To address the impact of this change in the birth certificate on parameter estimates using traditional and multiple imputation approaches, we created a dataset with imputed values for the induction of labor variable in addition to the not imputed dataset, which retained all the induction of labor values in the Florida data as originally collected with the known change in distribution. The data to be imputed was separated into two subsets, Florida only and the other two states (Massachusetts and Michigan). For Florida we used multiple imputation to replace all values for induction of labor that were collected prior to the change in birth certificate format, regardless of whether induction of labor was indicated or not because keeping ‘Yes’ values of induction of labor obtained before the change would change the distribution used for imputation, resulting a uncorrected distribution in imputed data, and also to replace the missing values in the data collected with the new format. The imputed Massachusetts and Michigan subset retained the original non-missing data for induction of labor, but multiple imputation was applied to replace missing values.
Imputation
The multiple imputation was performed using SUDAAN's HOTDECK procedure (SUDAAN Release 11, RTI International, Research Triangle Park, North Carolina). SUDAAN was developed to analyze survey data. However, SUDAAN is also able to analyze non-survey data by setting the strata value in the statement ‘NEST’ as _ONE_ and the DESIGN option in PROC statement as WR (sampling with replacement for population data). SUDAAN's procedures for complex survey data structures can be used to address nested data distributions in non-survey data. In our data, ART patients were nested in fertility clinics and we imputed by clinic through setting the HOTDECK's ‘IMPBY’ statement to clinic.

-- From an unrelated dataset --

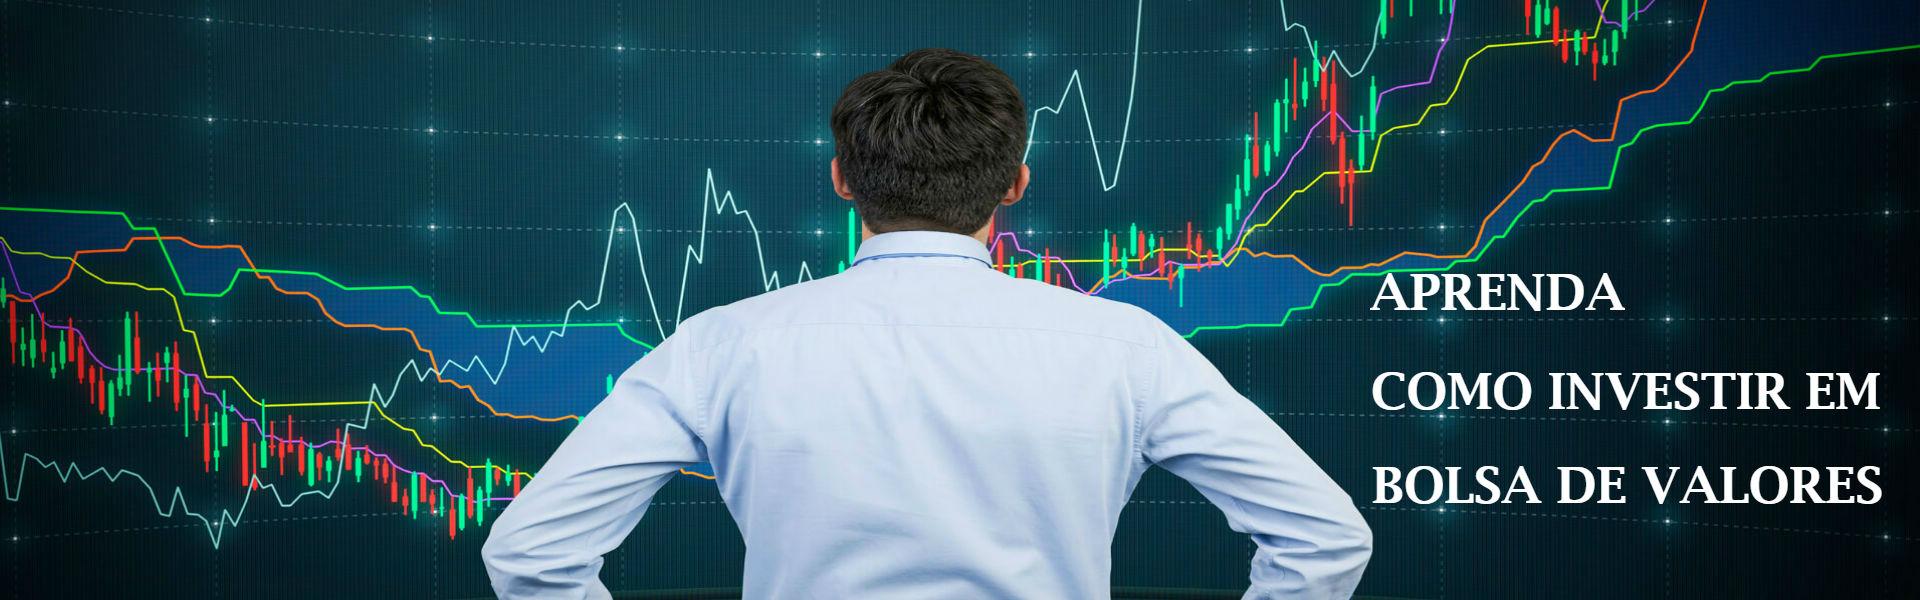 Aprenda a investir em bolsa

Since there was a large variation in clinic size, each missing entry in a small fertility clinic represents a larger percent of total cycles within the clinic for missing than a missing entry in a large fertility clinic subject to the smaller denominator. This impact on multiple imputation can be addressed using a weighted approach, i.e., assigning a larger weight to a missing entry for a small fertility clinic and a smaller weight to a missing entry for a large fertility clinic. Weights for a missing entry within clinic can be computed using SUDAAN's WTADJUST procedure by setting the strata value in the statement ‘NEST’ as _ONE_, the next nest variable as clinic, the DESIGN option as WR and the ADJUST option in PROC WTADJUST as “NONRESPONSE.” The dependent variable in the weight computing model is a binary variable with value one for non-missing entries and value zero for missing entries. The independent variables are those used in the analytic model. Shown below are the basic SUDAAN statements used to computing the weights:
PROC WTADJUST DATA=ONE DESIGN=WR ADJUST=NONRESPONSE;
WEIGHT _ONE_;
NEST _ONE_ CLINIC;
CLASS AGE REASON_FOR_ART SEX…;
MODEL RESPONSE=AGE REASON_FOR_ART SEX …;
The HOTDECK procedure identifies all infants, by fertility clinic, with a missing value for induction of labor. For each infant with a missing value, a set of similar infants from the same clinic is collected, i.e., infants with characteristics similar to the infant with the missing value (as specified by the variables used to fit the adjusted model), but with an observed value for induction of labor. An infant is randomly drawn from this set of infants and the observed labor induction value for that infant is assigned in place of the missing value. The process is repeated until all missing values for the induction of labor variable within the clinic are imputed. SUDAAN's HOTDECK procedure uses a weighted sequential hot deck method proposed by Cox [8] and Iannacchione [9] (Cox-IannacchioneWSHD method) to perform imputation. For survey data, this method uses the sample weights in the imputation process to ensure the weighted distribution of imputation revised data over clusters is preserved. For our non-survey data, this method uses weights based on the number of missing values in imputation to address the impact of uneven missing value distributions between small and large fertility clinics. In addition, this method limits the number of times of using the same infant with an observed value, depending on the infant's non-respondent weight, to ensure the infant is not being used excessively in the imputation process.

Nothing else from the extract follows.